▶ INFORMATION SHOWN
※
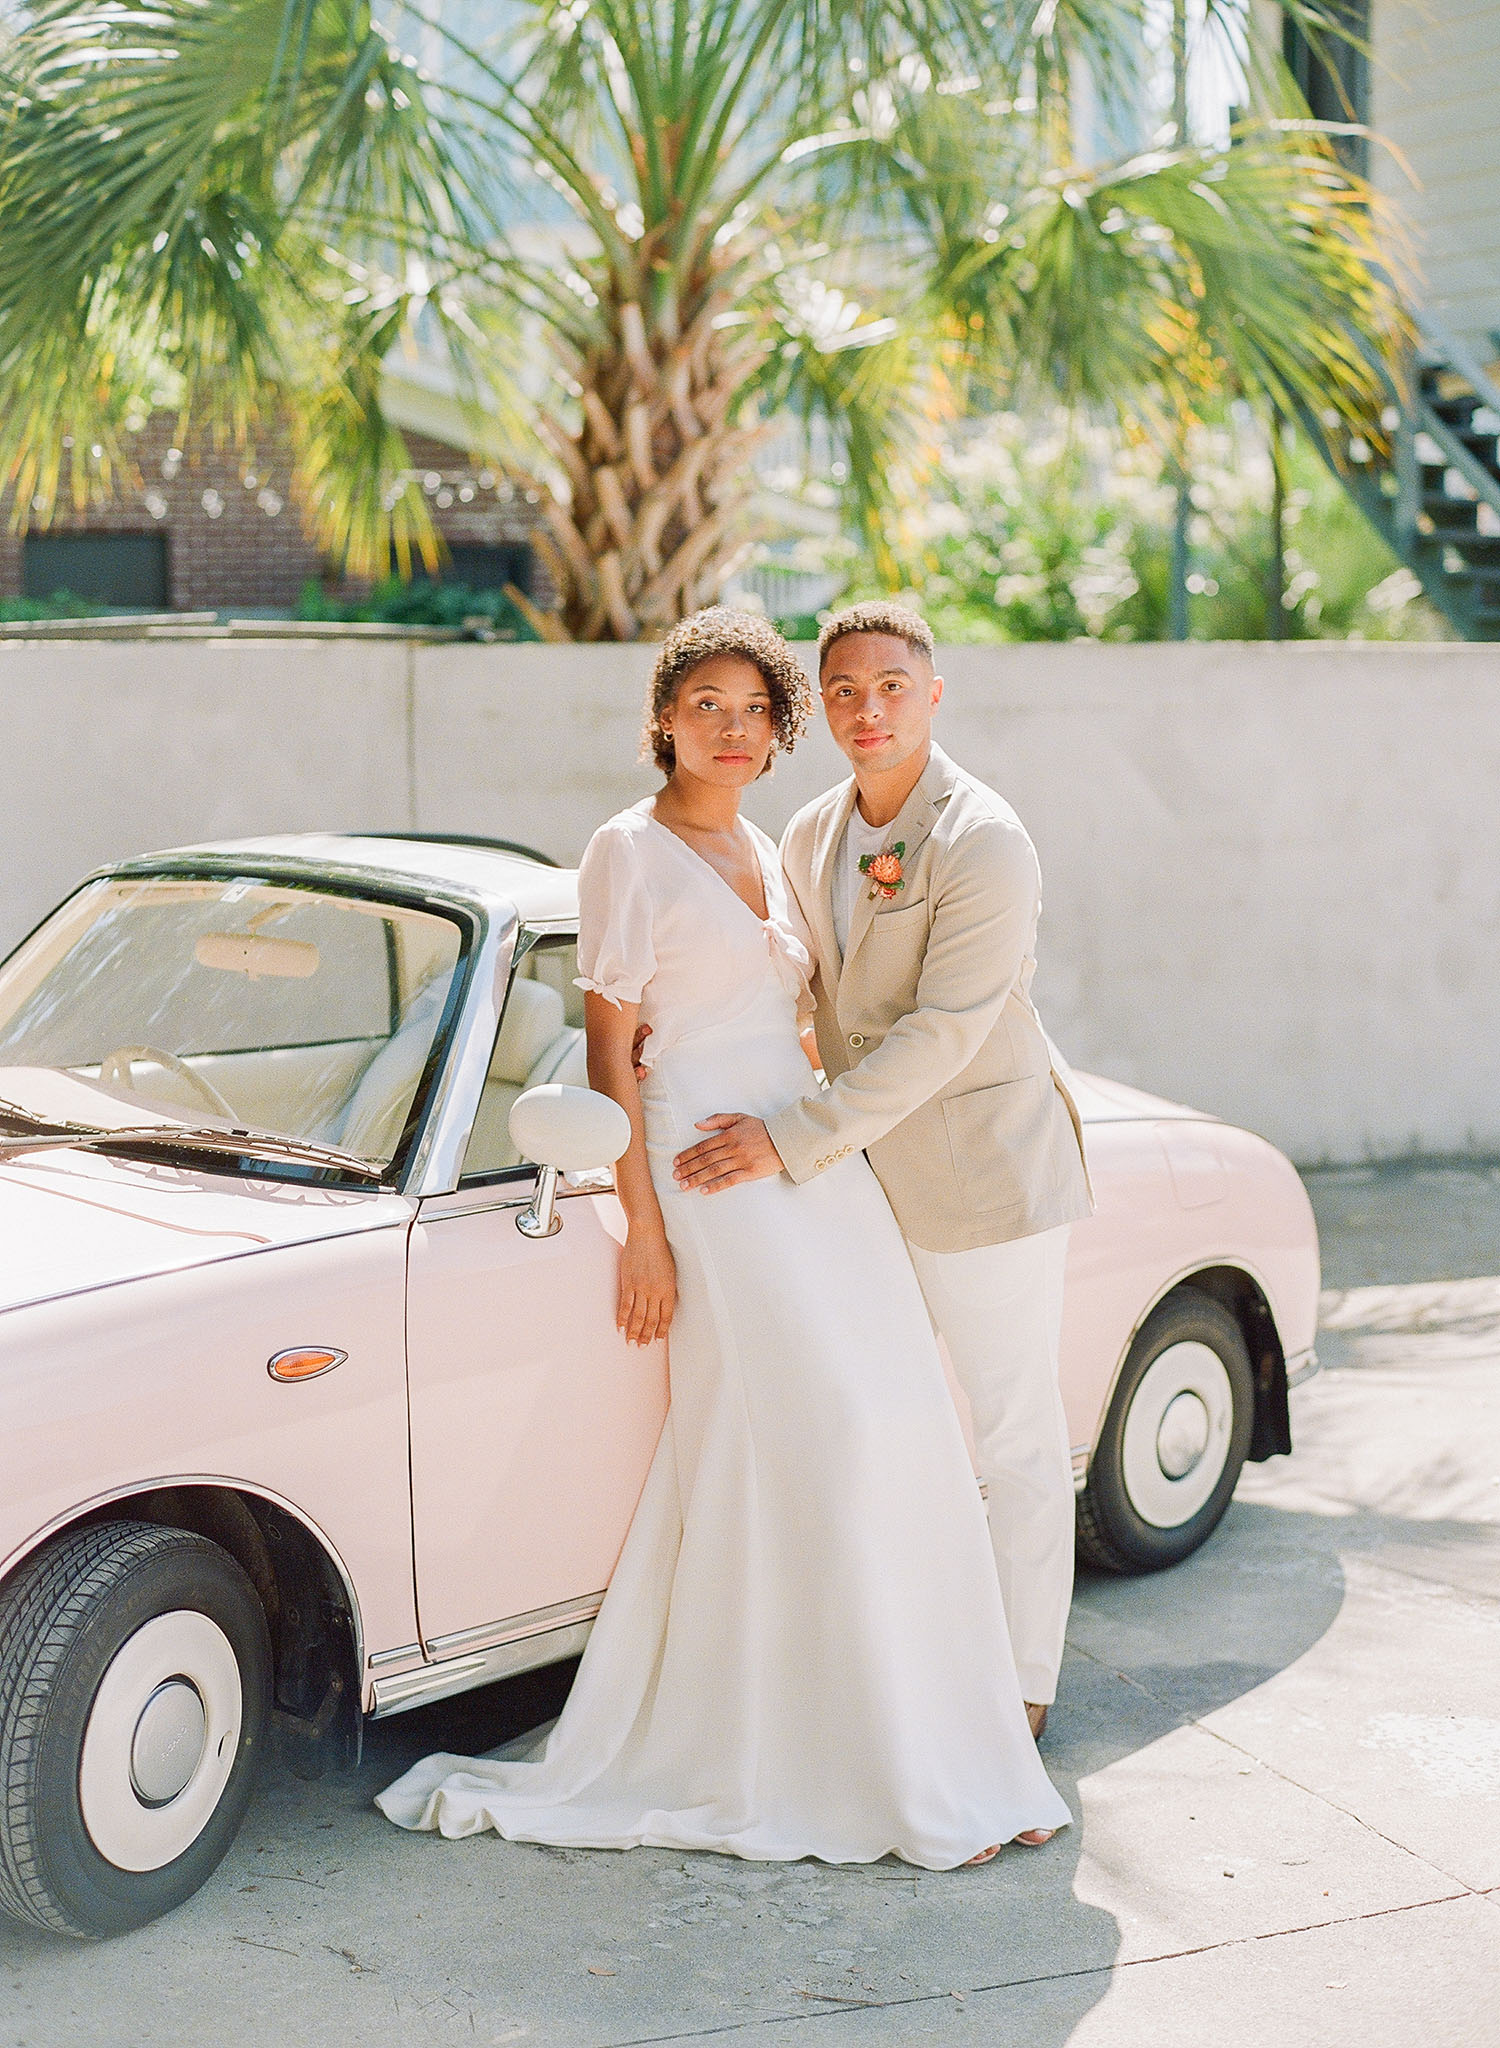 Emma Katzka crepe wedding dress with a delicate blush overlay and a tan suit jacket from M. Dumas & Sons, captured by Clay Austin and planned by Willow and Oak with fashion styling by The Edit Collective
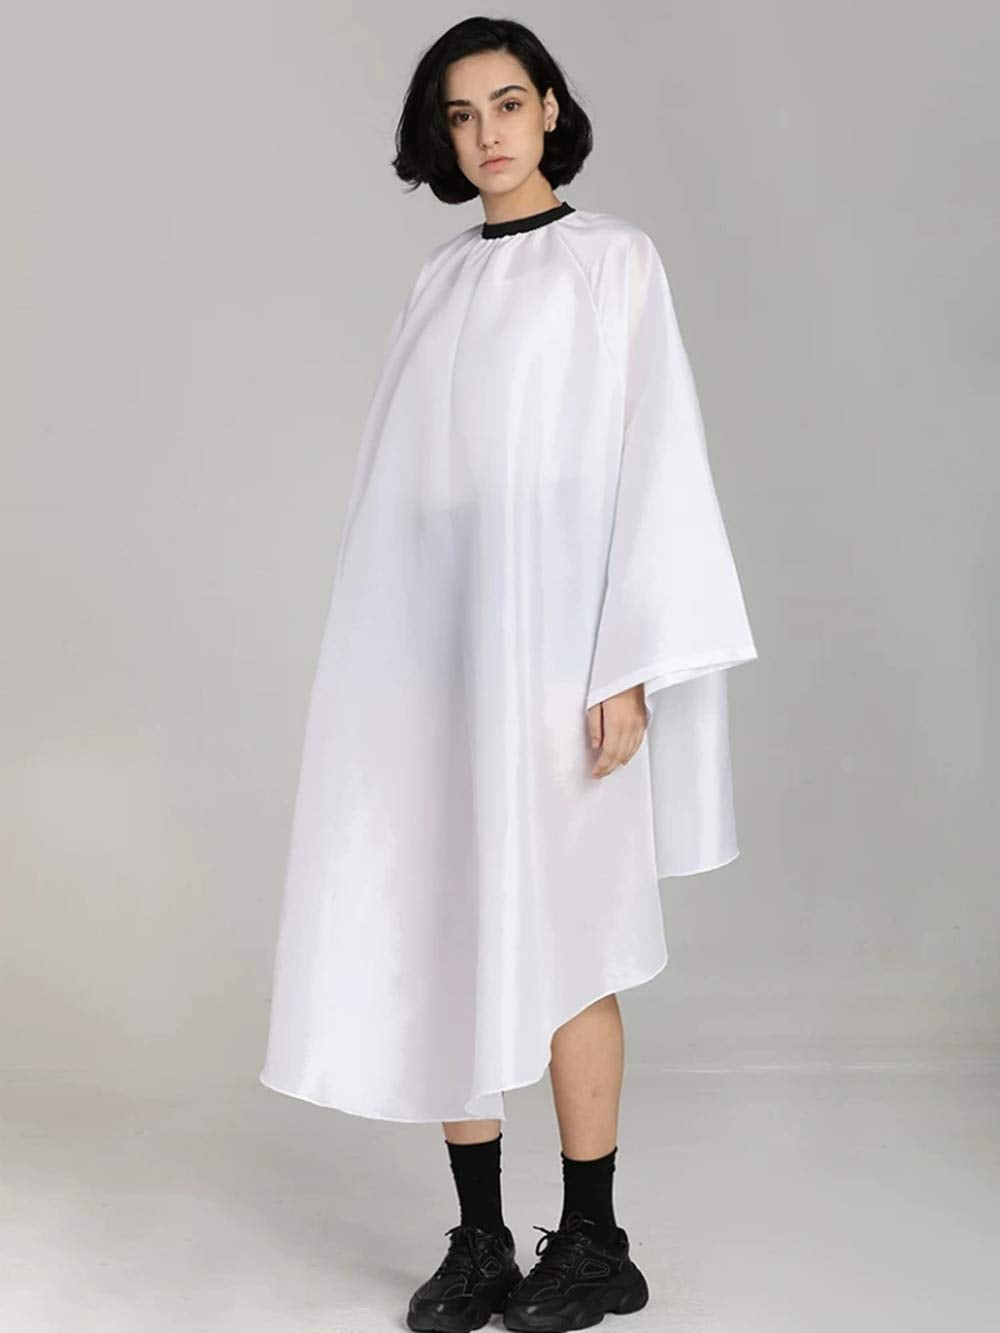 White Hairdressing Cape High Quality - Theresia Cosmetics - barber tools - Theresia Cosmetics
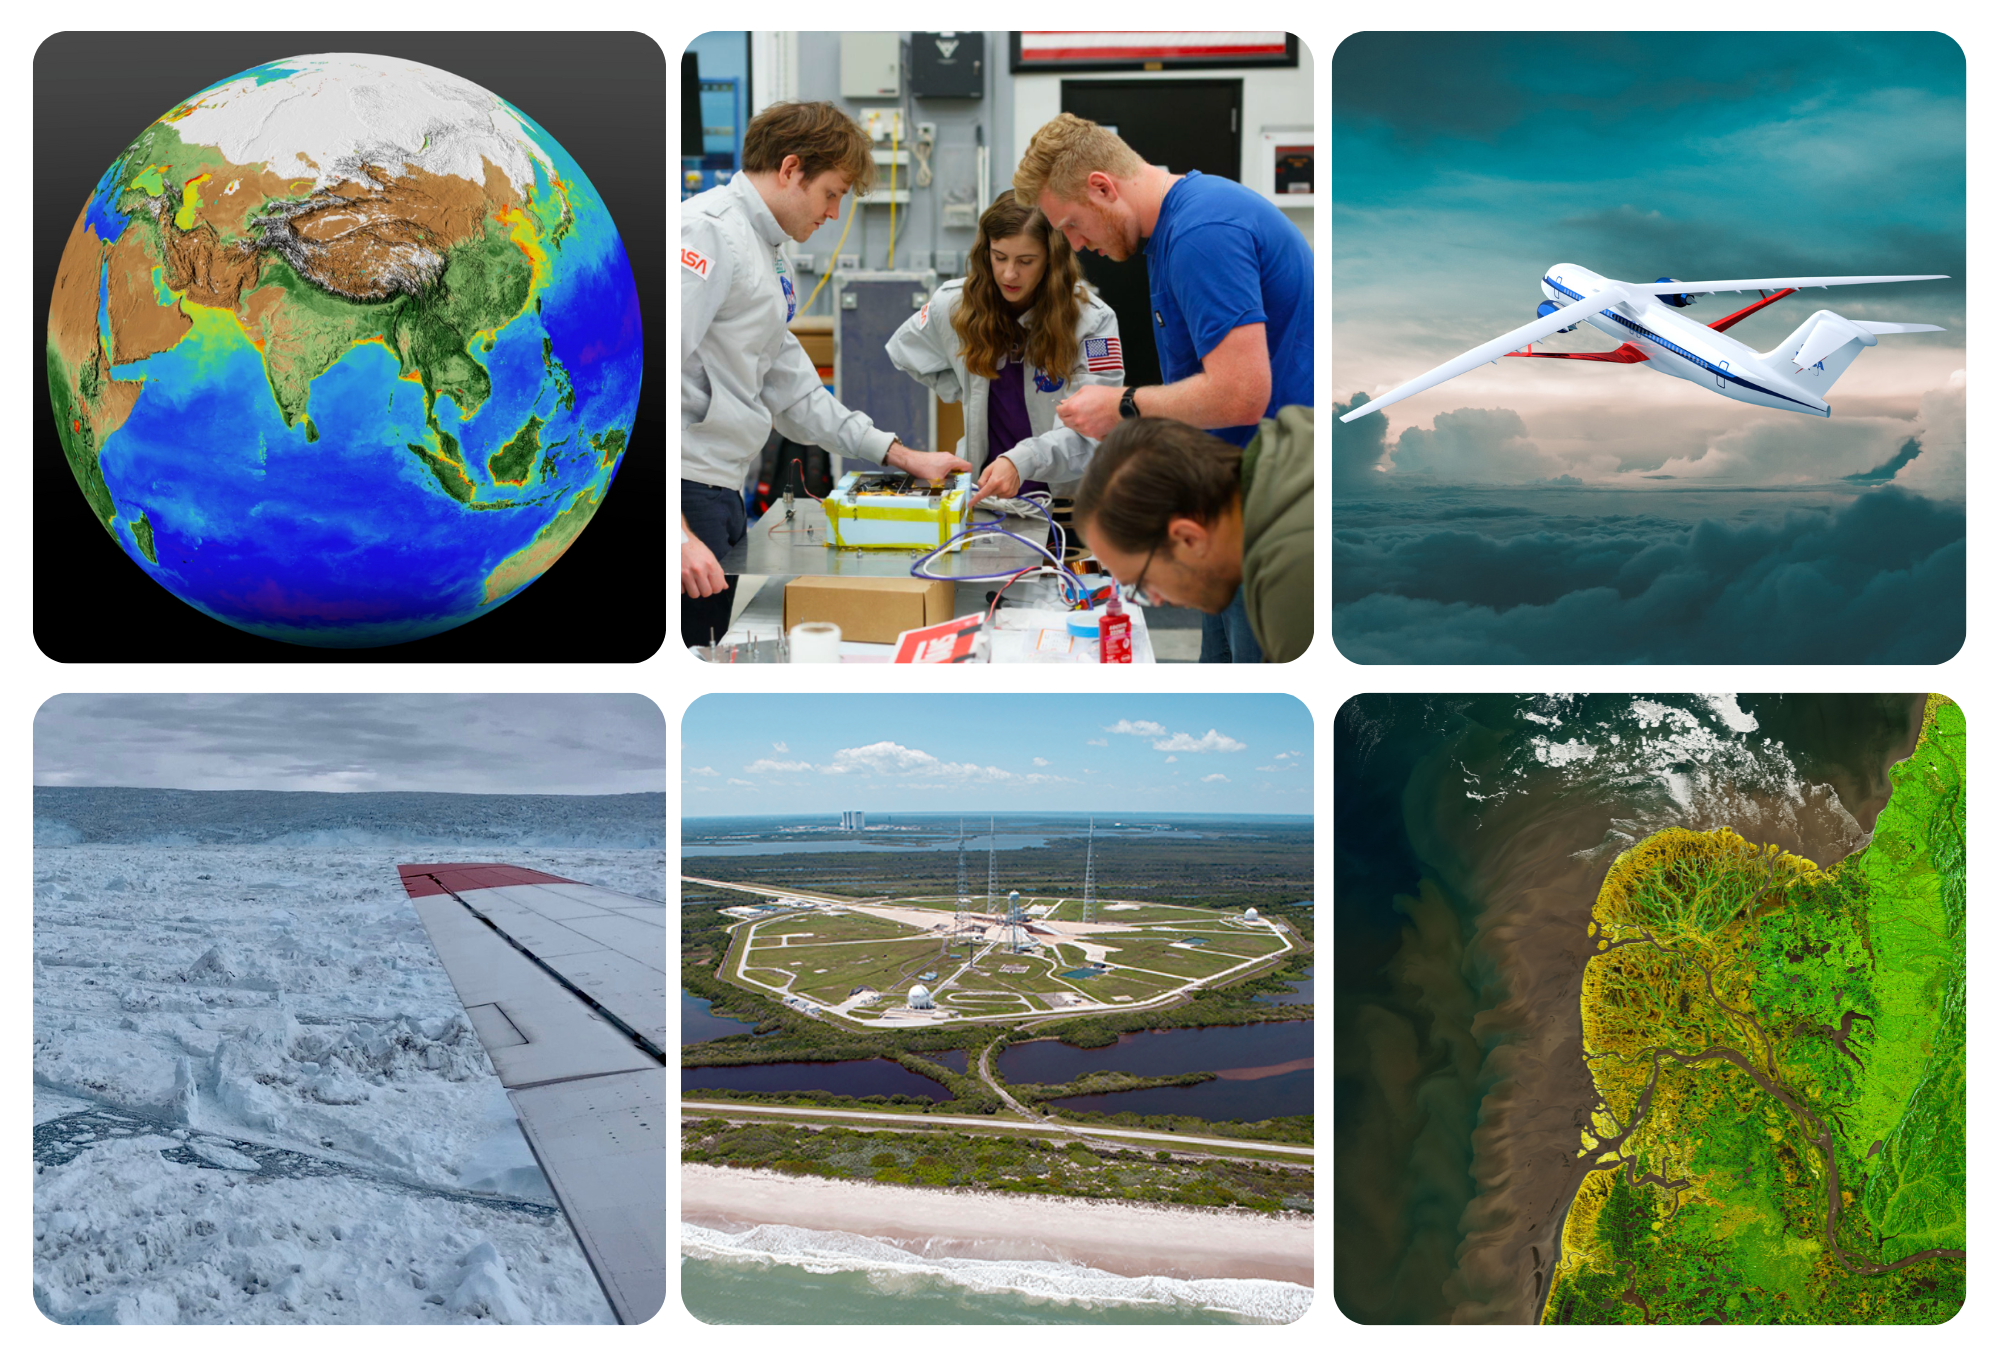 A collage of six images. From top left, an image of the world, students working on a payload, illustration of an aircraft in the sky, inside a plane of the wing and ice, launch pad area, and an aerial image from space of green water area.
※
▶ WHAT TO WORK ON
Each line above is to be copied exactly, and the pictures are to be dropped.

▶ EXERCISE RESPONSE
 Emma Katzka crepe wedding dress with a delicate blush overlay and a tan suit jacket from M. Dumas & Sons, captured by Clay Austin and planned by Willow and Oak with fashion styling by The Edit Collective
 White Hairdressing Cape High Quality - Theresia Cosmetics - barber tools - Theresia Cosmetics
 A collage of six images. From top left, an image of the world, students working on a payload, illustration of an aircraft in the sky, inside a plane of the wing and ice, launch pad area, and an aerial image from space of green water area.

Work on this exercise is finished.